這次寫書,場景的細節描寫難免要趁回家時核對,傑尼發現了許多不曾留意的事物,從轉角的某間店到地方創生團體。她有感:「其實老家真的沒有什麼,也不是什麼都沒有。小孩子時可能高度有限,也只能走路或騎腳踏車,能觸及的只是地圖的一點點。」

一邊,傑尼持續在哈哈台以街訪捕捉人世百態,此外,近年來她受邀在國、高中演講,包含在剛殺青的公視節目《反正你也不睡覺》,和作家吳曉樂、陳栢青一起向青少年推廣閱讀時, 不自覺間,她發現自己最想帶給偏鄉孩子們的訊息,也是「人生可以有很多選擇」。

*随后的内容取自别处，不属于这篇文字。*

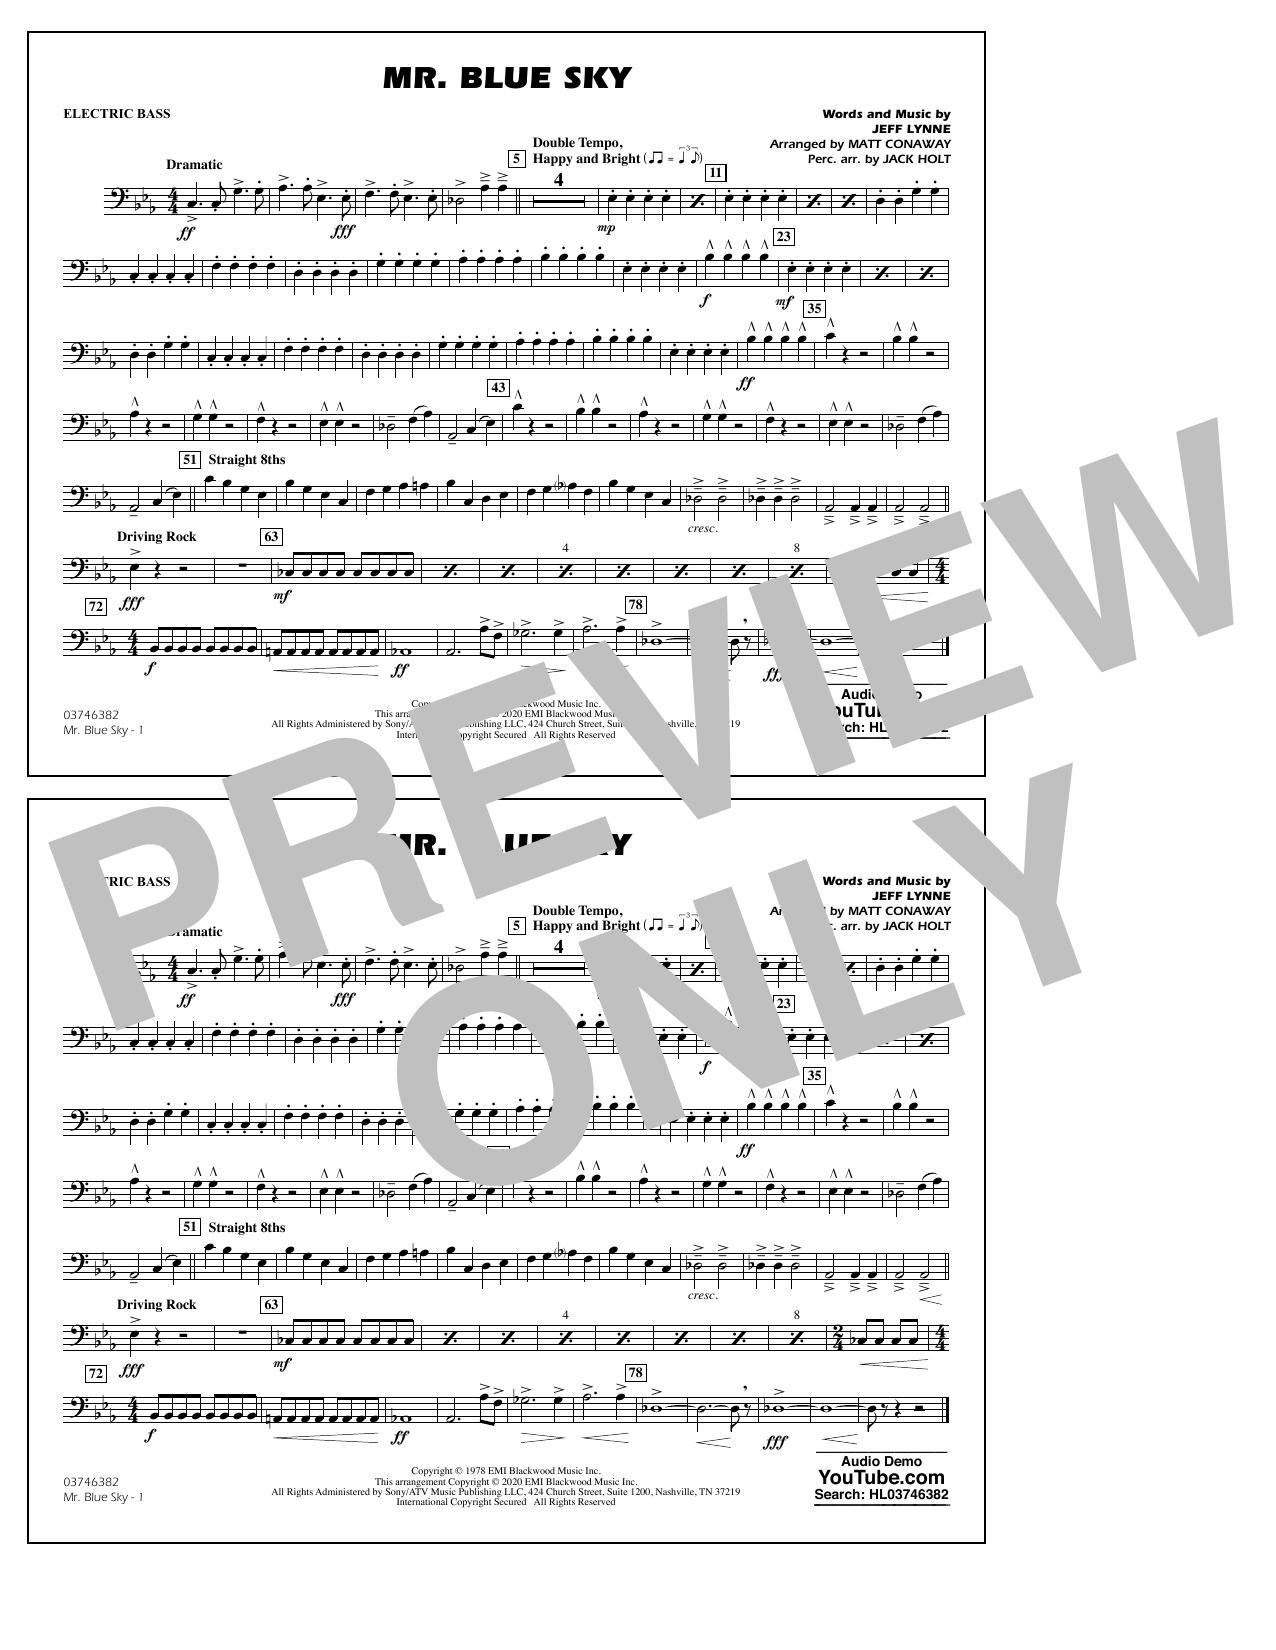 Mr. Blue Sky (arr. Matt Conaway) - Electric Bass Sheet Music

選擇也可以很日常。書中「城市吃瓜指南」一章,她寫來到台北讀大學、工作,初次擁有自己的空間和餐具,帶自己慢跑、 燉湯、泡湯、打鼓、學跆拳道、習慣過生日,從中辨別喜好, 更建立自己的安全感和配得感。傑尼回想訪過、見過的北上青年,不少人難免有資源不均的剝奪感,不過,她其實享受當初半個人都不認識、也因此沒有牽絆和門禁的自在。在〈白手持家〉中,她將10年前孑然一身來到的台北比做「開啟空白存檔」的遊戲地圖,自己則是「著布衣、持木棍的新手村民」。

(攝影:羅柏麟)
(攝影:羅柏麟)

那,如今出書的願望實現,遊戲破到算是哪一關?傑尼想想,自認還是名一般玩家,「也許打了一隻怪?但並沒有大升級跳到另外一張地圖,我也沒有特別追求這件事。」接下來,只是打算把 ISBN 書號變成刺青,又喊著怕痛,此外,暫且還沒有新的願望萌生。對於散文的出版,她難免還是覺得赤裸,但正在把每次的訪問和宣傳當作講述的練習。至於寫作,自己的事 「能寫的都寫完了」,如果還會寫,她想帶著歷經磨練的文字功力,嘗試篇幅長些的小說。 

這個夏天,玩家即將 30 歲。雖如書中寫,也期待有天成為能用一碗湯滋養他人的「高級大人」,但傑尼自認,此刻姑且還是想先當個「高級小孩」—— 還有很多想體驗的,顧慮則想少一點。好在走過這趟後,拼好了名為過去的拼圖,哪怕未來投來身上的目光變多變重,心裡的行囊都已經更輕了。